**Instructions to follow**
An exact copy is needed of the lines in the entries below from the line with "祝允明书法手卷 - 香儿 - xianger" up to and including the line with "San jer nimo", and of nothing else. Leave the pictures out.

**Data to process**
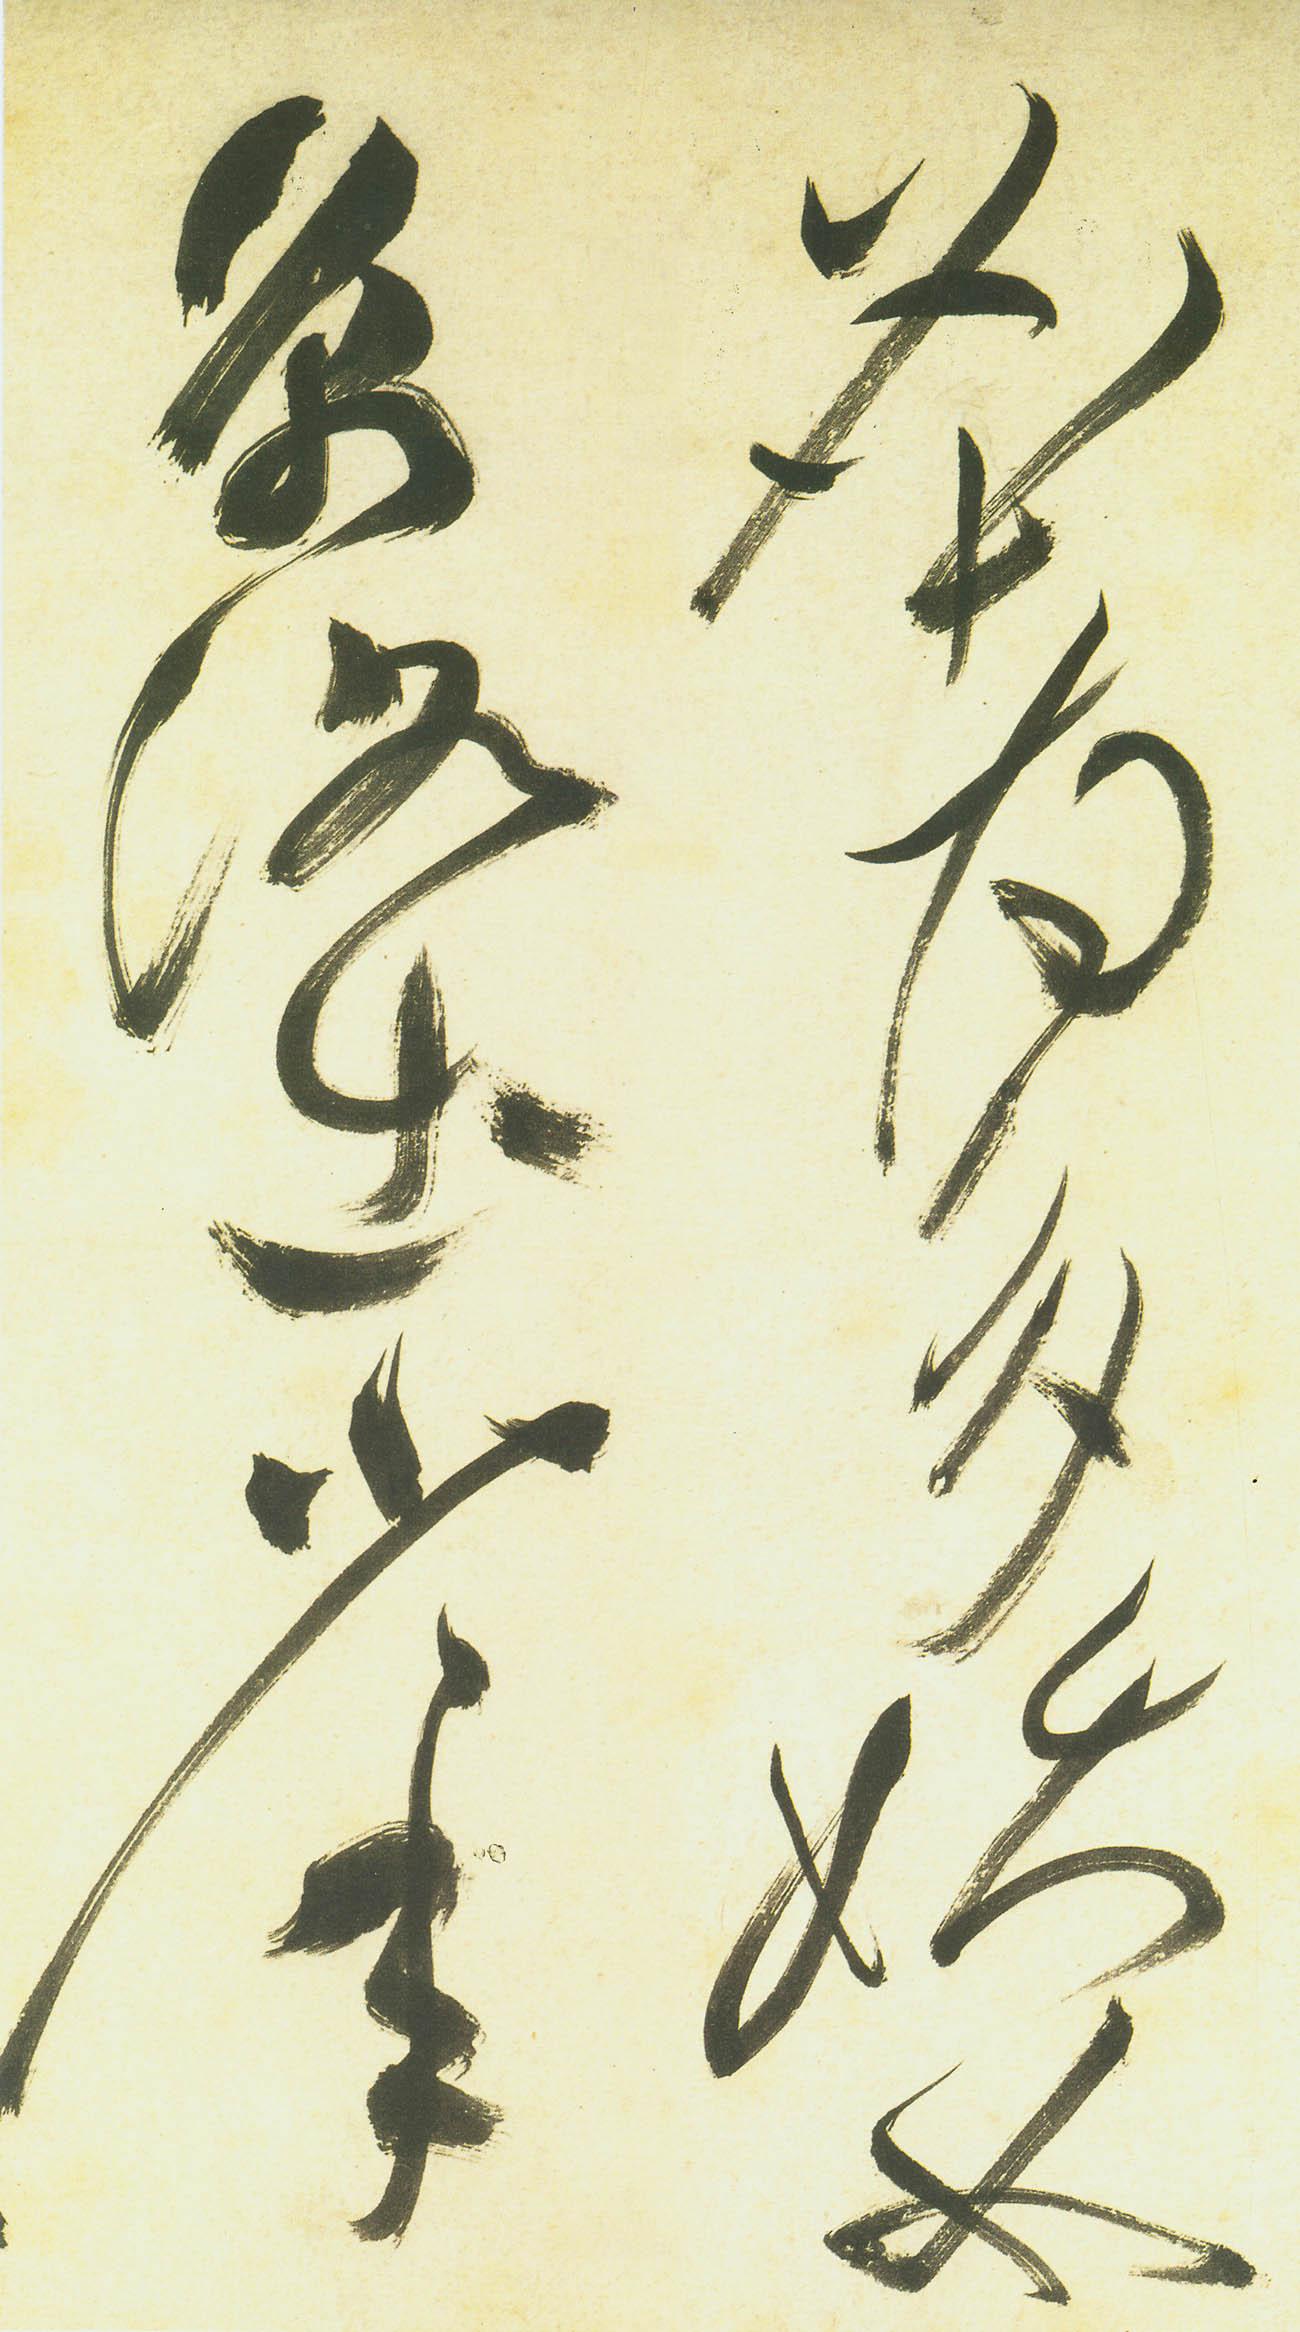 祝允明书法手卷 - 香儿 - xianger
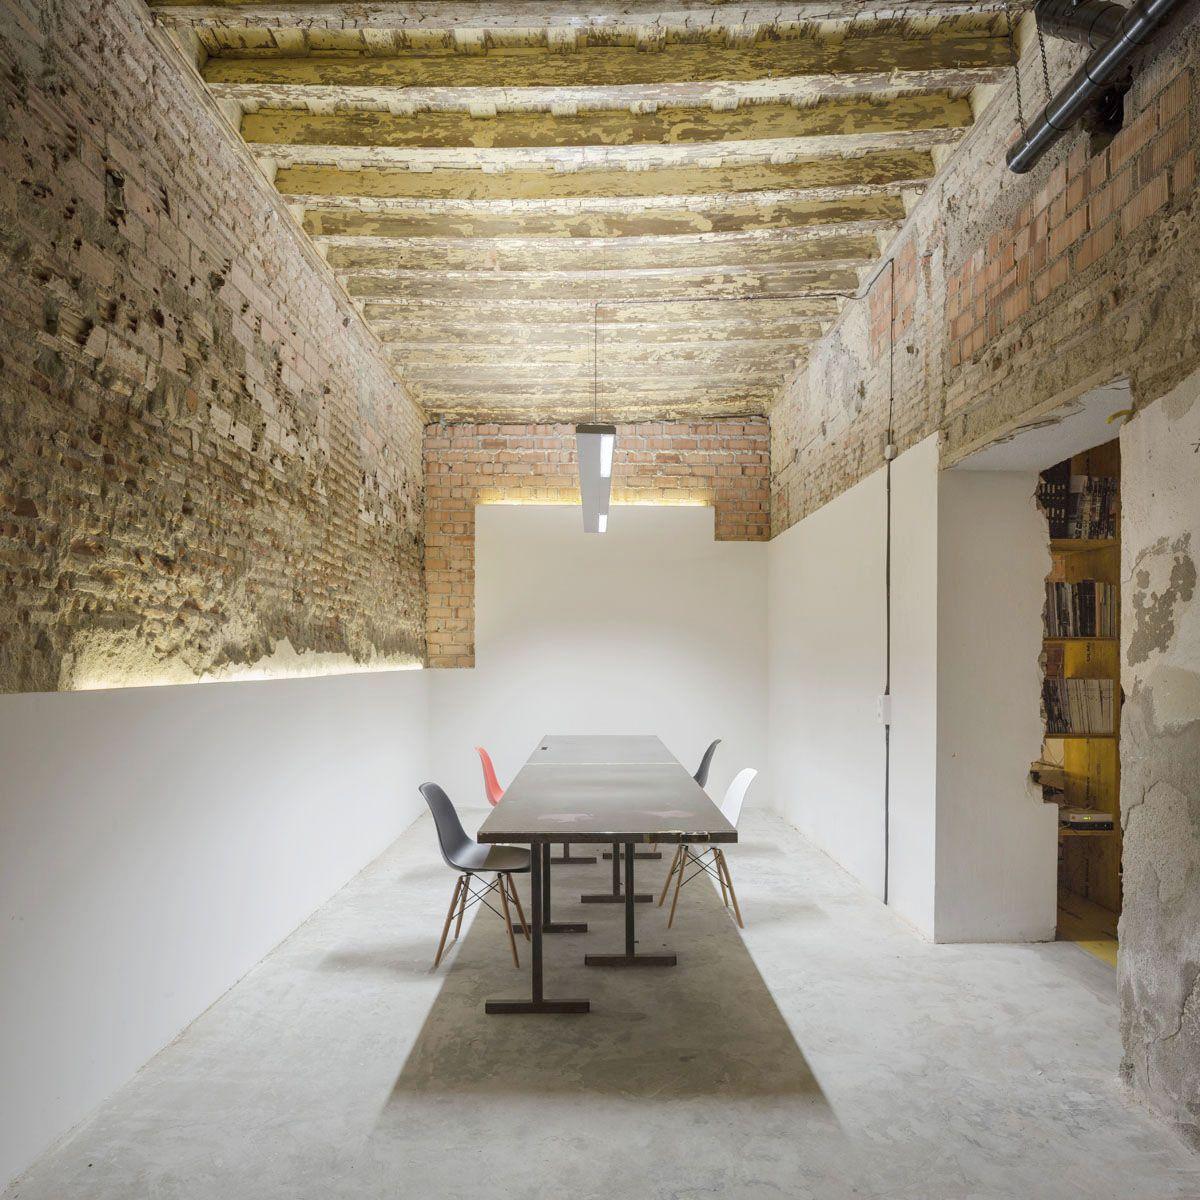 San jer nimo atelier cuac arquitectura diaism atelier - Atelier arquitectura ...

---

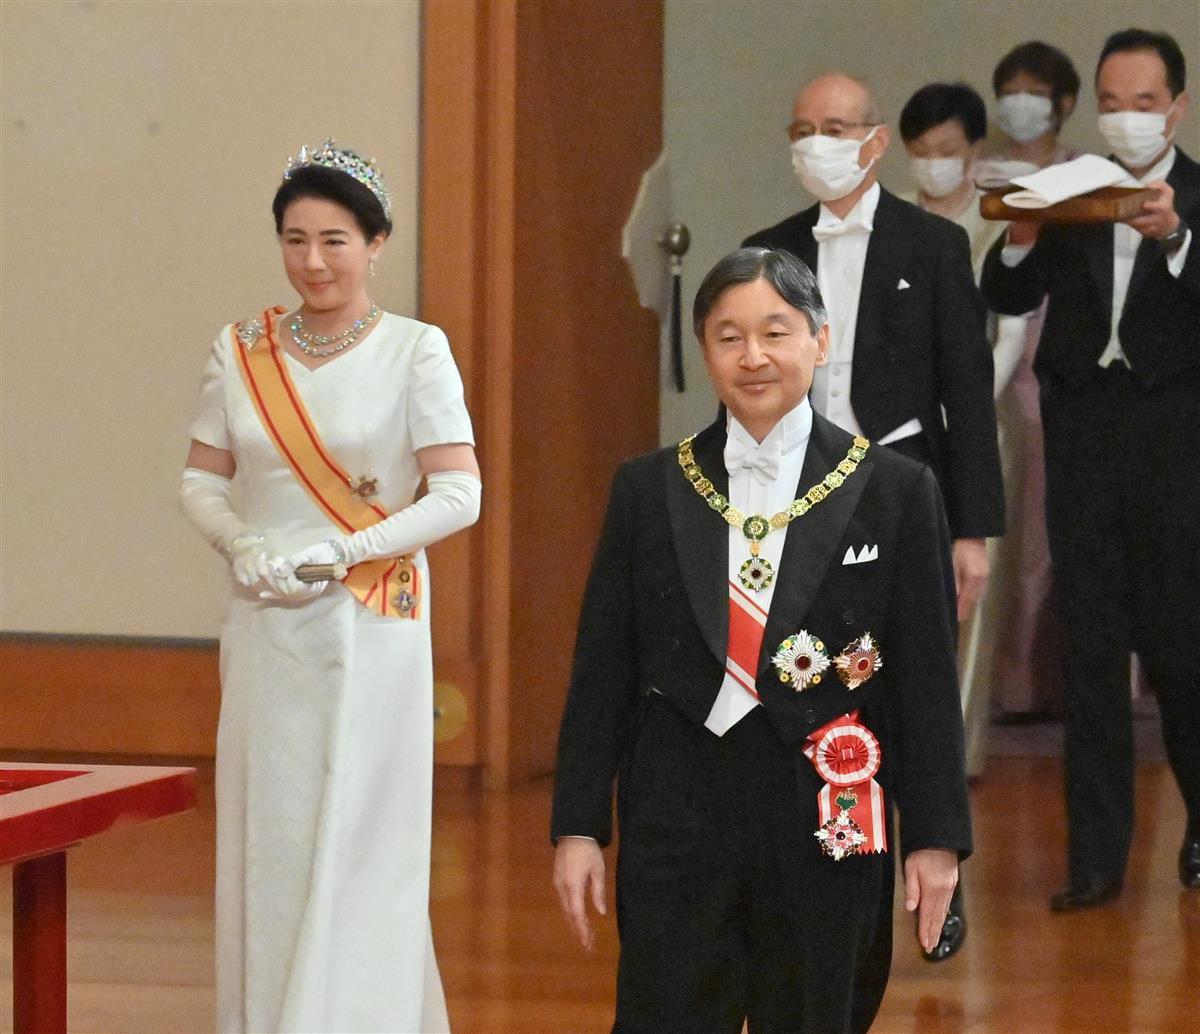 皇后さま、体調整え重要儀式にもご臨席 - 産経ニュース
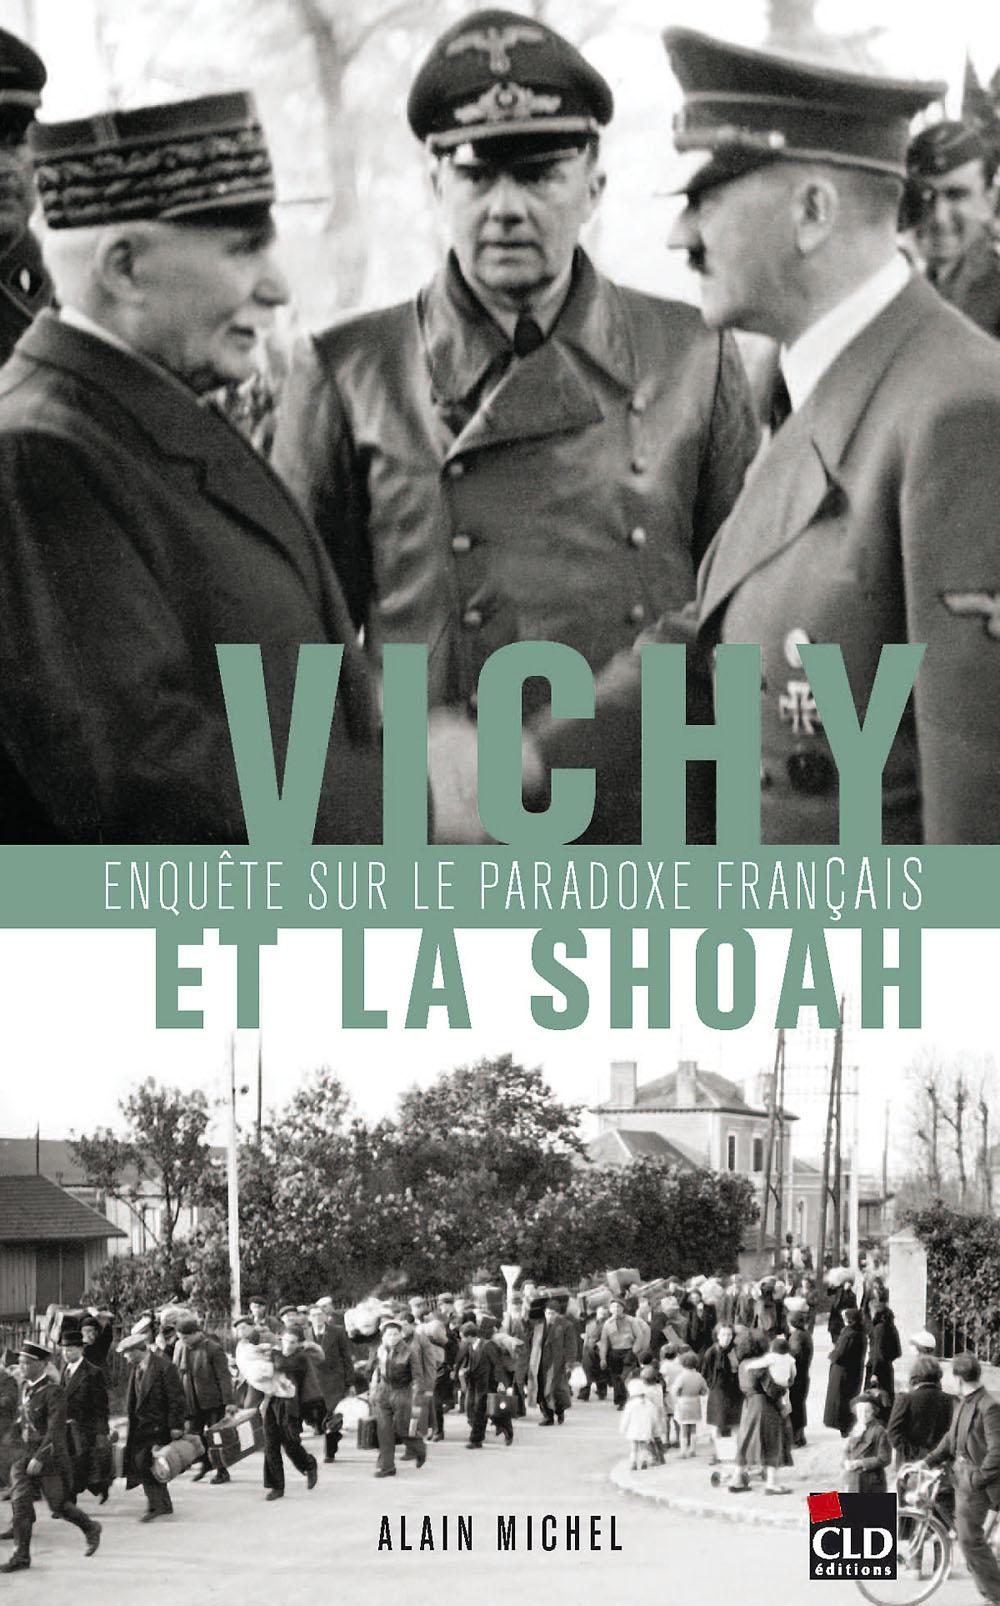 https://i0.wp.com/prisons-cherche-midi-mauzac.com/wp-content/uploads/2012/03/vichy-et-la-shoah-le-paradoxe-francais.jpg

**Answer area**
 祝允明书法手卷 - 香儿 - xianger
 San jer nimo atelier cuac arquitectura diaism atelier - Atelier arquitectura ...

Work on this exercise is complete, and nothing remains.